I also need USA (region) from the source . Can you please help suggest. Region will always appear after number field (44414) , which can vary in number of digits. Ex: 123, 1234, 56789

Thank you in advance.

1
Your regex seems quite appropriate for what you achieved. Why can't you develop the last part the same way? Is there a special obstacle which got you stuck? What did you try? How did it fail?Yunnosch

1 Answers

2
votes

You could make the pattern a bit more specific about what you would allow to match as [\W\w]+ and .+ will cause more backtracking to fit the rest of the pattern.

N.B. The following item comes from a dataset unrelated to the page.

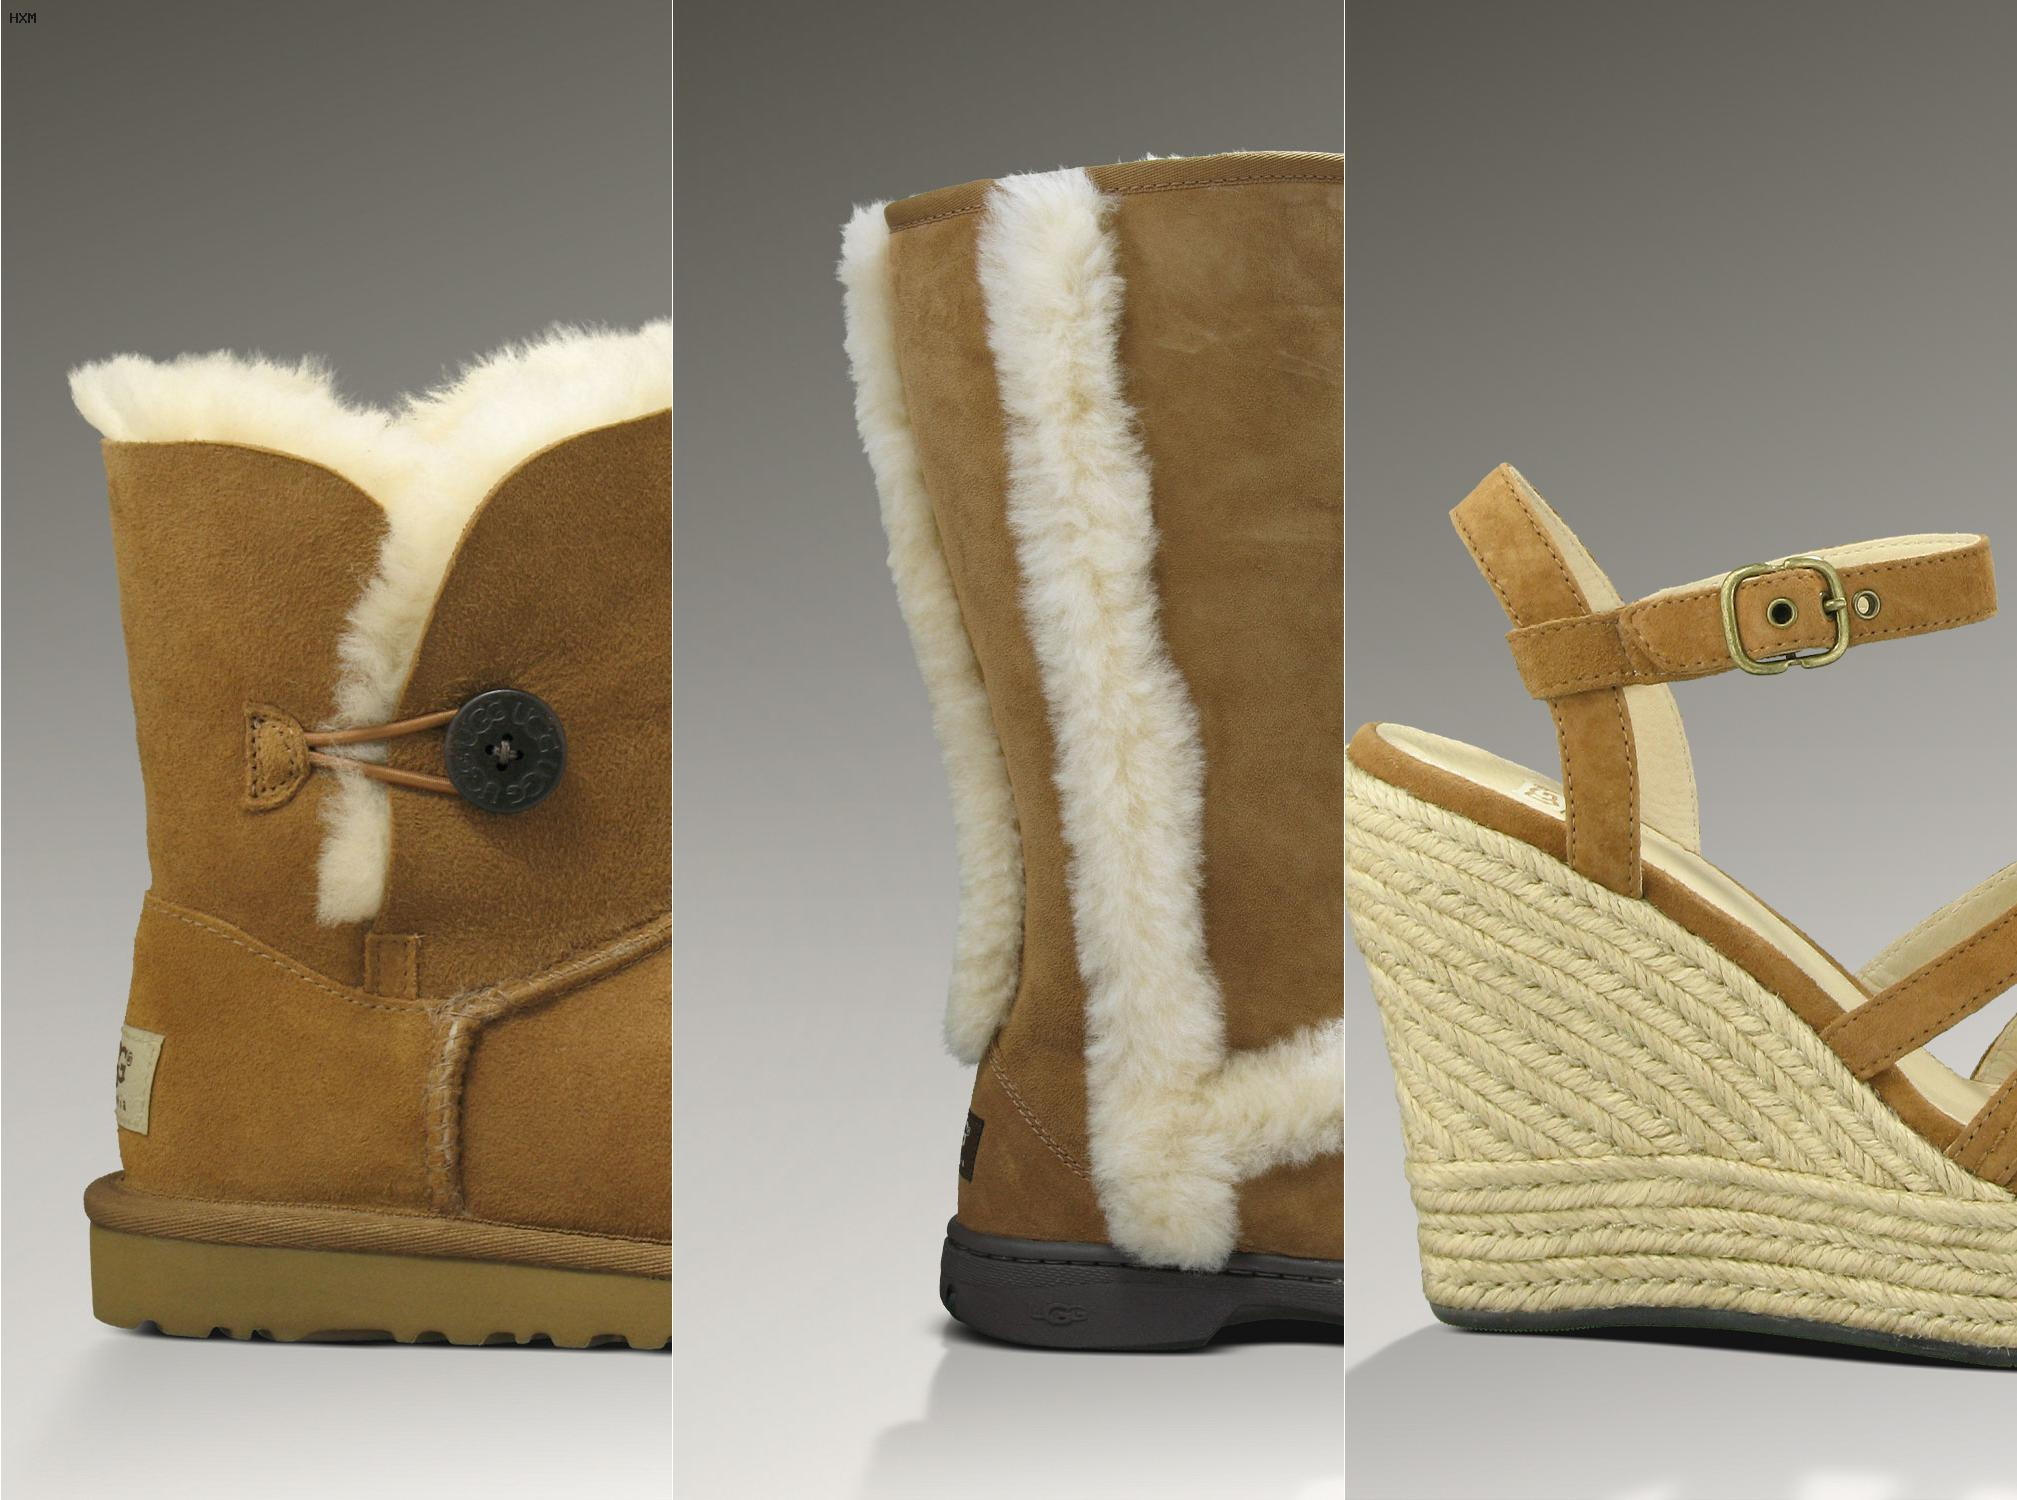 ugg boots nice france

Then for the region you can add a named group at the end (?<region>[^\W_]+) matching one or more times any word character except an underscore.

In parts

(?<logdir>\/(?:[^\/]+\/)*)(?<date>(?:19|20)\d{2}(?:0?[1-9]|1[012])(?:0[1-9]|[12]\d|3[01]))\/job_(?<jobname>\w+)_\d+_(?<region>[^\W_]+)_log
  • (?<logdir> Group logdir
    • \/(?:[^\/]+\/)* match / and optionally repeat any char except / followed by matching the / again
  • ) Close group
  • (?<date> Group date
    • (?:19|20)\d{2} Match a year starting with 19 or 20
    • (?:0?[1-9]|1[012]) Match a month
    • (?:0[1-9]|[12]\d|3[01]) Match a day
  • ) Close group
  • \/job_ Match /job_
  • (?<jobname>\w+) Group jobname, match 1+ word chars
  • _\d+_ Match 1+ digits between underscores
  • (?<region>[^\W_]+) Group region Match 1+ occurrences of a word char except _
  • _log Match literally

Regex demo